Scott Walker’s Wisconsin (bought and paid for by Plutocrats) has become a microcosm of Plutocratic greed. Classic extraction colonialism has played itself out masterfully in the manner in which Republican legislators delivered Wisconsin’s natural resources in the Penokee mining bill to Florida plutocrat Chris Cline. Cline, in turn, will probably sell his interest in the mine to some Chinese Plutocrat who is in a better position to profit from Wisconsin iron ore.
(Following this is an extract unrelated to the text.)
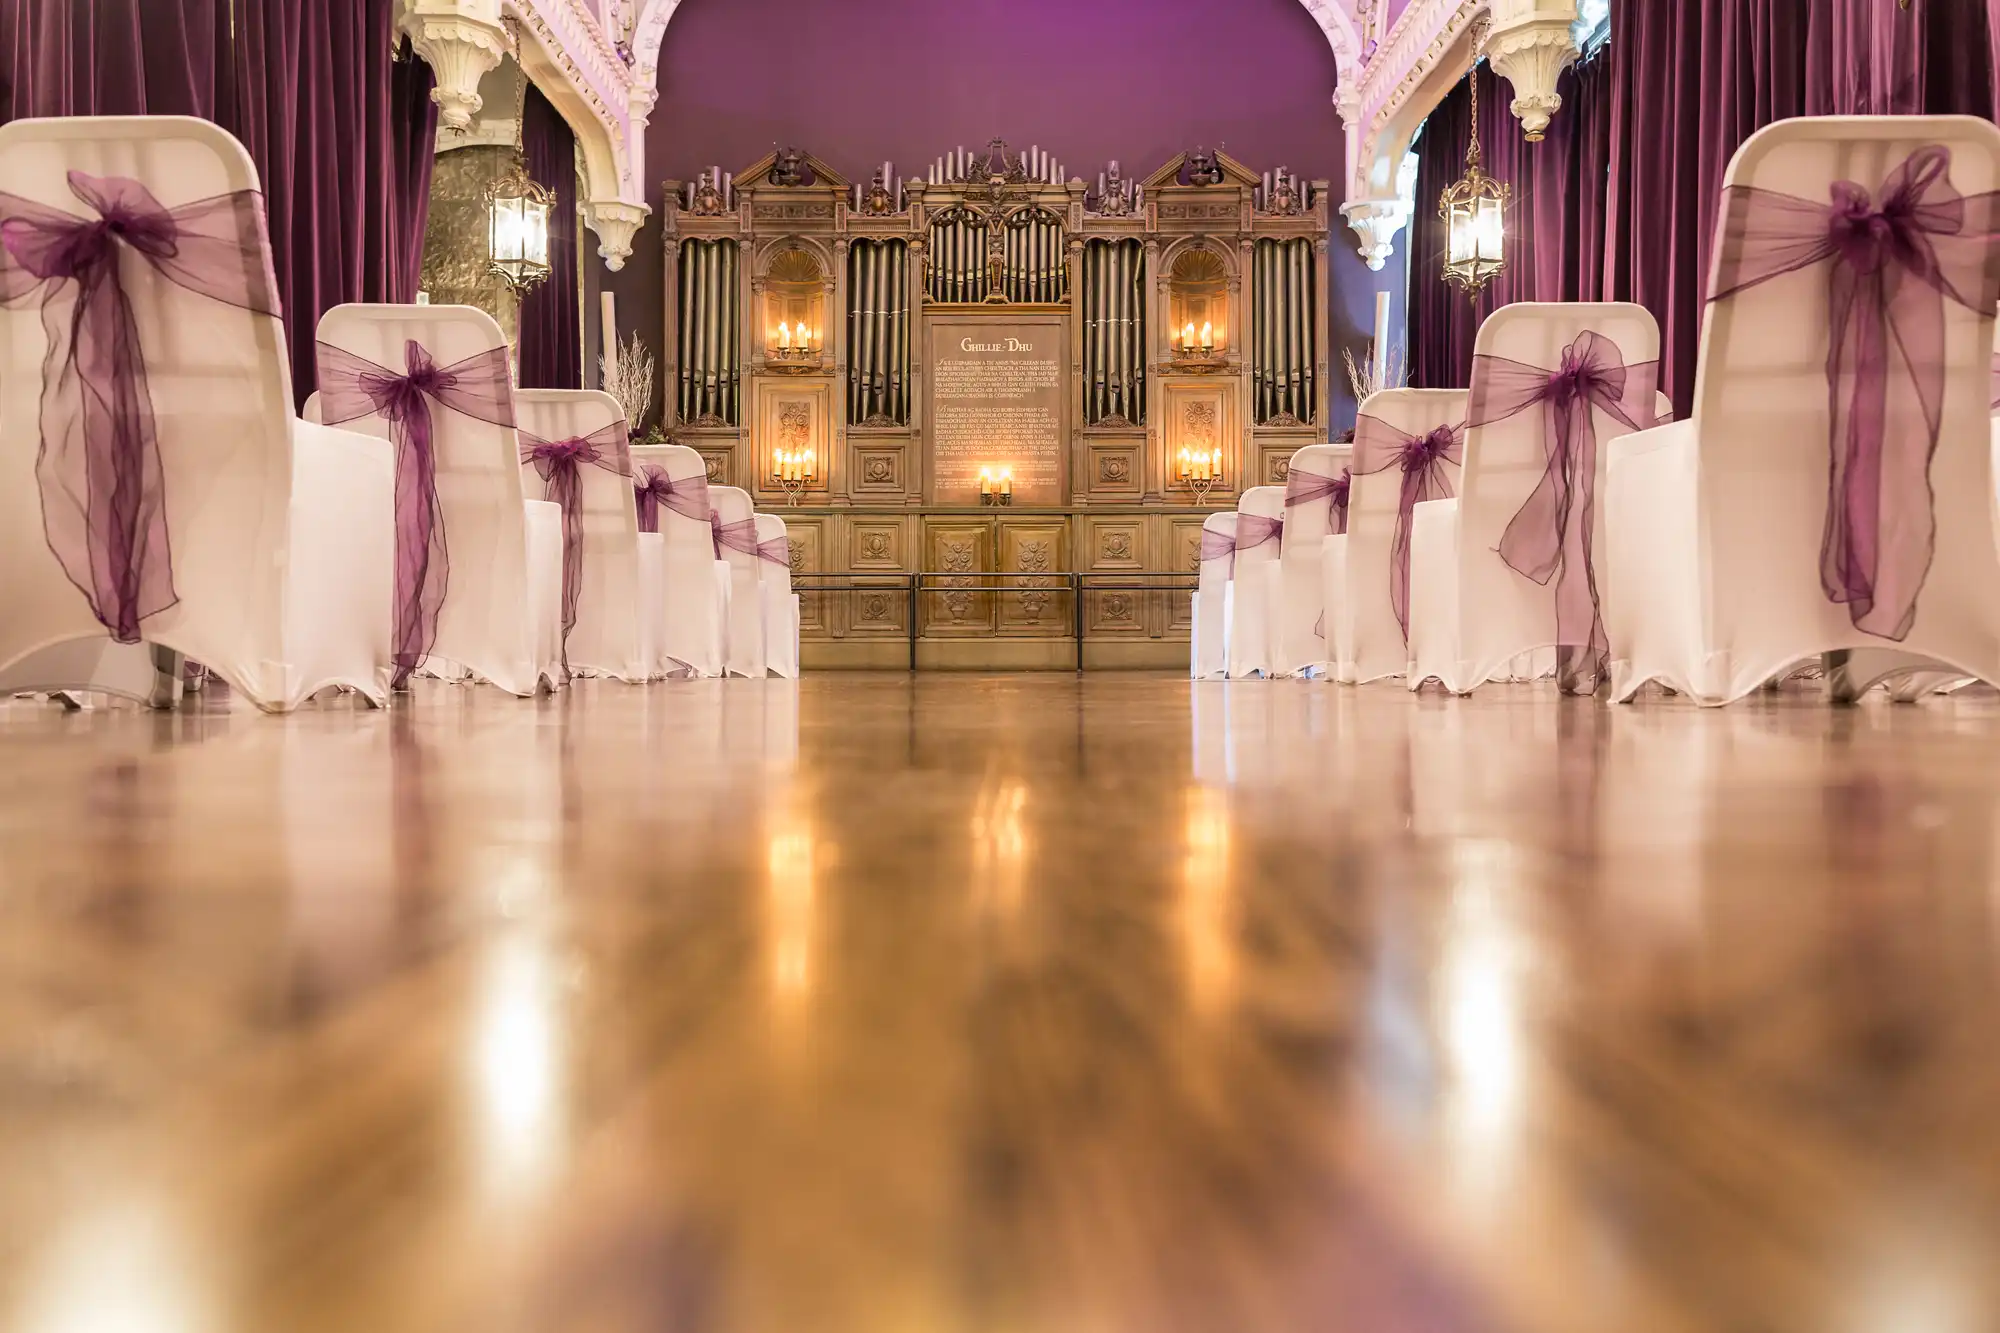 Elegant wedding venue interior with white chairs adorned with purple ribbons and a large, ornate organ at the front illuminated by soft lighting.
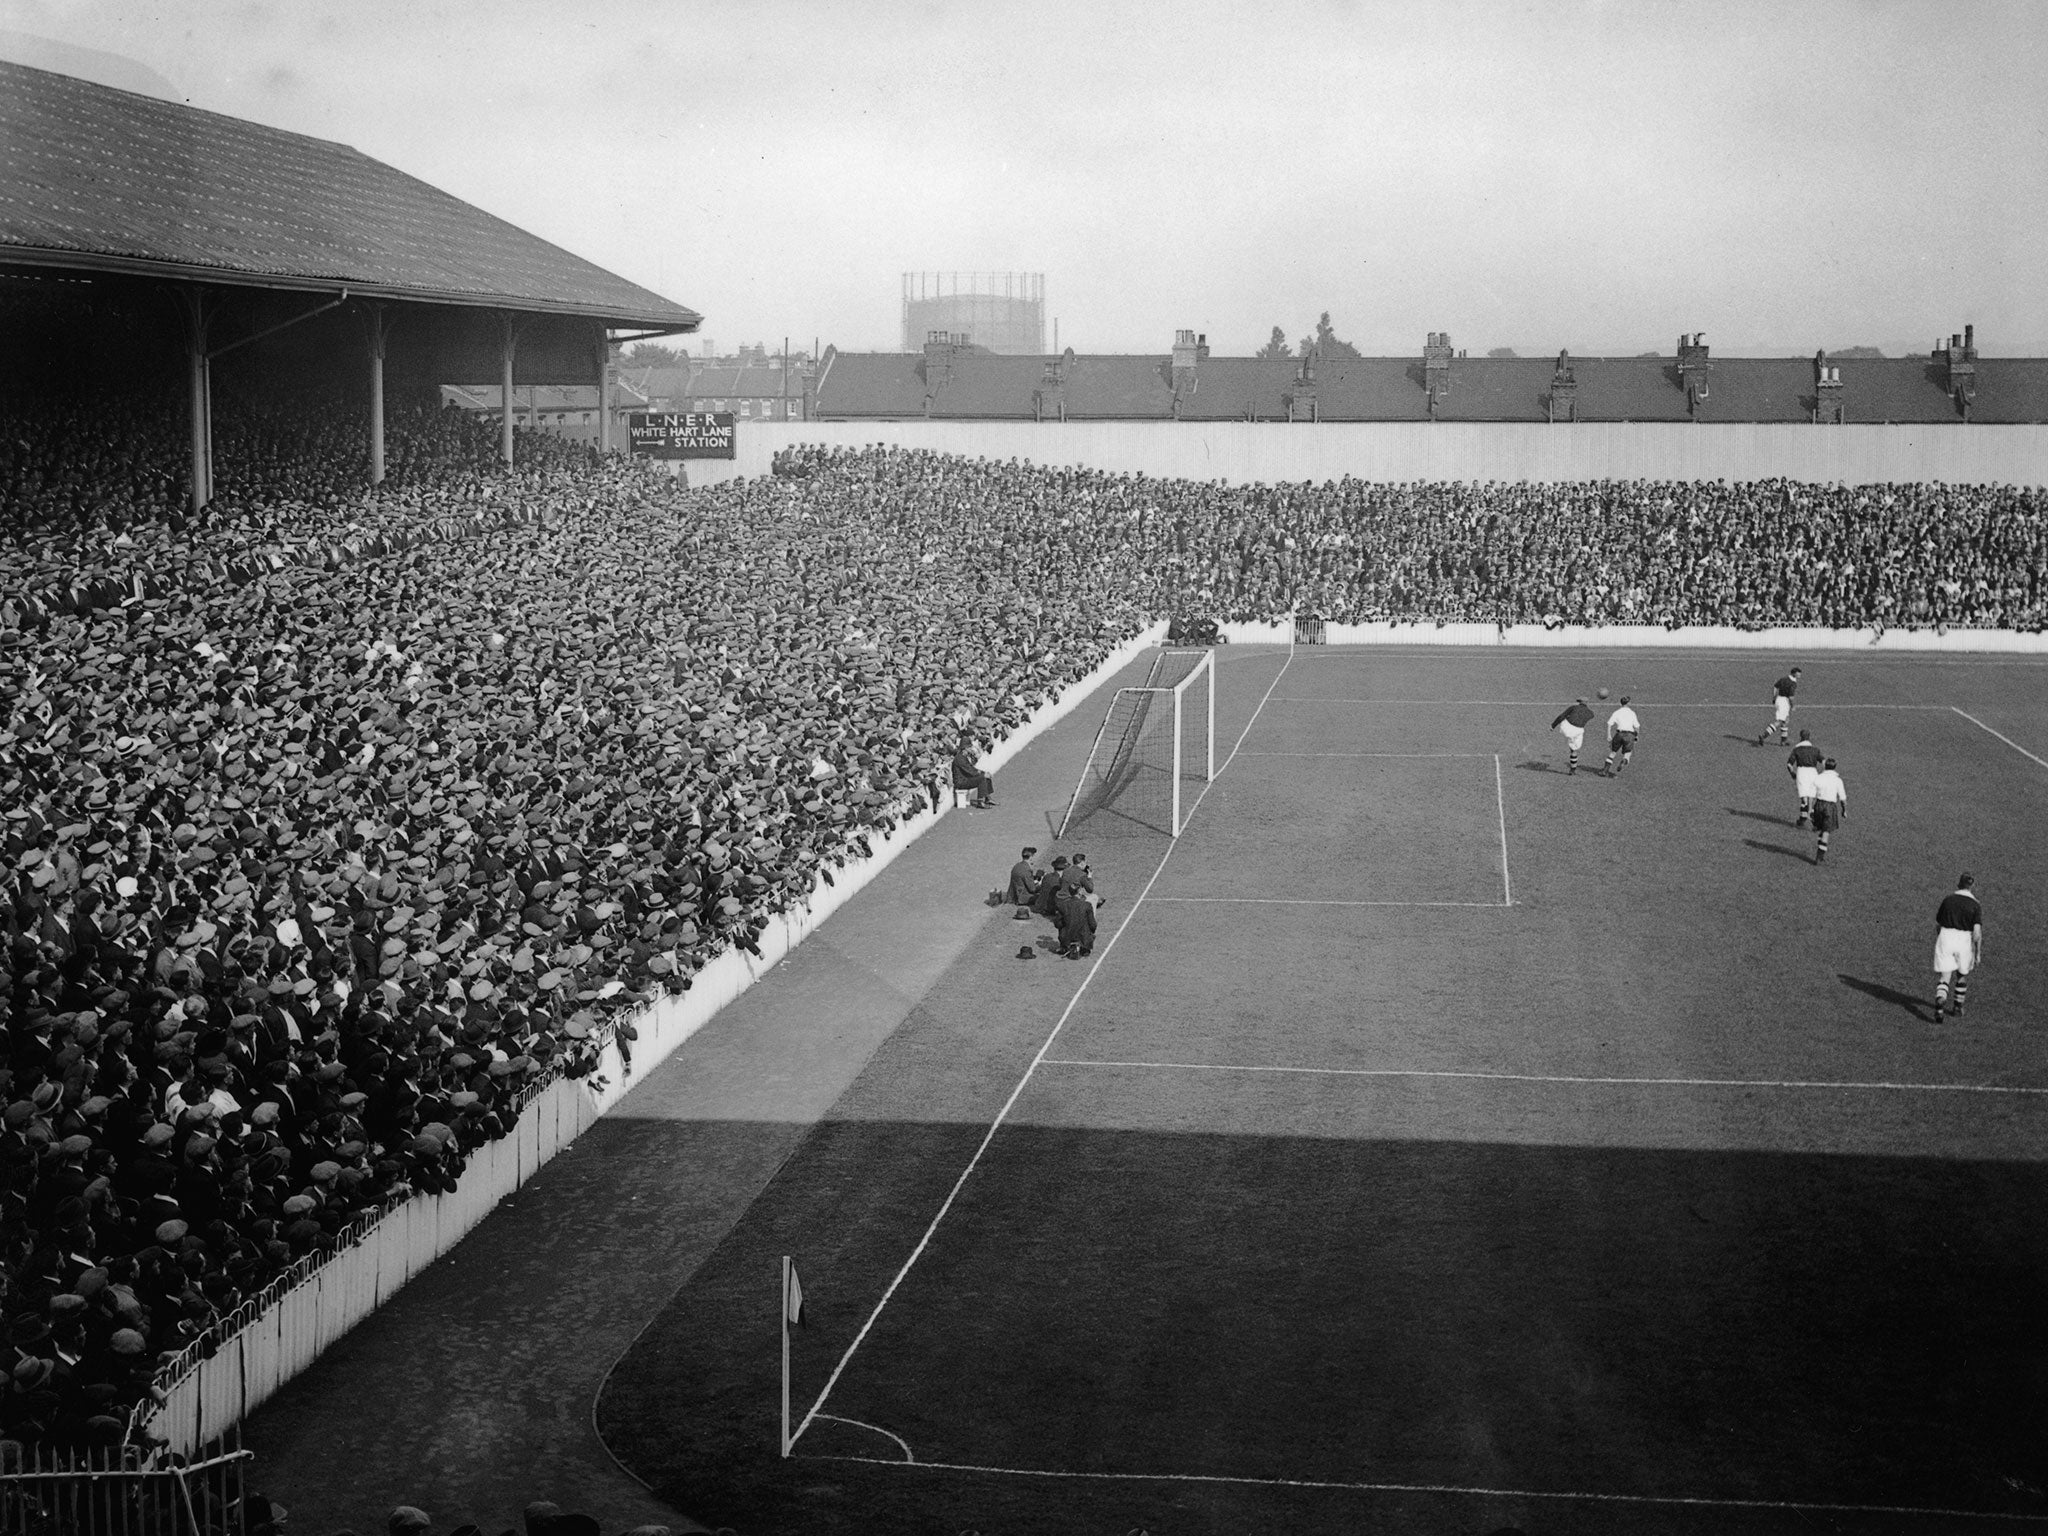 Crowds at White Hart Lane, London, watching the home side,Tottenham Hotspur, play Charlton Athletic, 27th August 1932. Spurs won the match 4-1.

Walker is a zombie-like tool of these Plutocrats as he systematically dismantles public schools, public transportation and public trust (after all, the Russian Plutocrats became billionaires by buying government enterprises and utilities at bargain basement prices – sound familiar?). The Walker administration will become a textbook case of the power of the Plutocrats (Kochs, Adelson et al) and the corporate media in dismantling the middle class. In the meantime, if you’re too poor to own a car you will not be able to take a bus to that welding job ($10.00 and no benefits) in the suburbs no matter how qualified you are because, after all, folks who ride public transportation can’t afford to buy politicians. And if you can’t buy a politician you can’t get bus routes to the industrial parks in the suburbs.
Keith J. Roberts, PhD lives in Greendale, Wisconsin and is a Senior Research Fellow at the Institute for International Studies in Education, University of Pittsburgh, and a Senior Ambassador for the Globalization for the Common Good Initiative, Oxford, UK. In addition to his work in the USA, Dr. Roberts has been a planning and development consultant in diverse locations around the globe including China, Mongolia, Tibet, Thailand, Vietnam, Taiwan, Samoa, Fiji, Tahiti, the Marshall Islands and elsewhere. Upon returning to Wisconsin from China in January of 2011 he was stunned by the actions of the Walker Administration and could see that while Third World countries were implementing policies that were moving their countries to First World Status, Walker was implementing policies that were moving Wisconsin to Third World Status. Since that time he has applied his research and analytical skills to document the “Cycles of Greed” in America with a special emphasis on the American Legislative Exchange Council (ALEC) and its role in undoing the Progressive Traditions of Wisconsin. Since February 2011 he has made numerous presentations to unions, educators, retirees, political organizations and grass-roots organizations.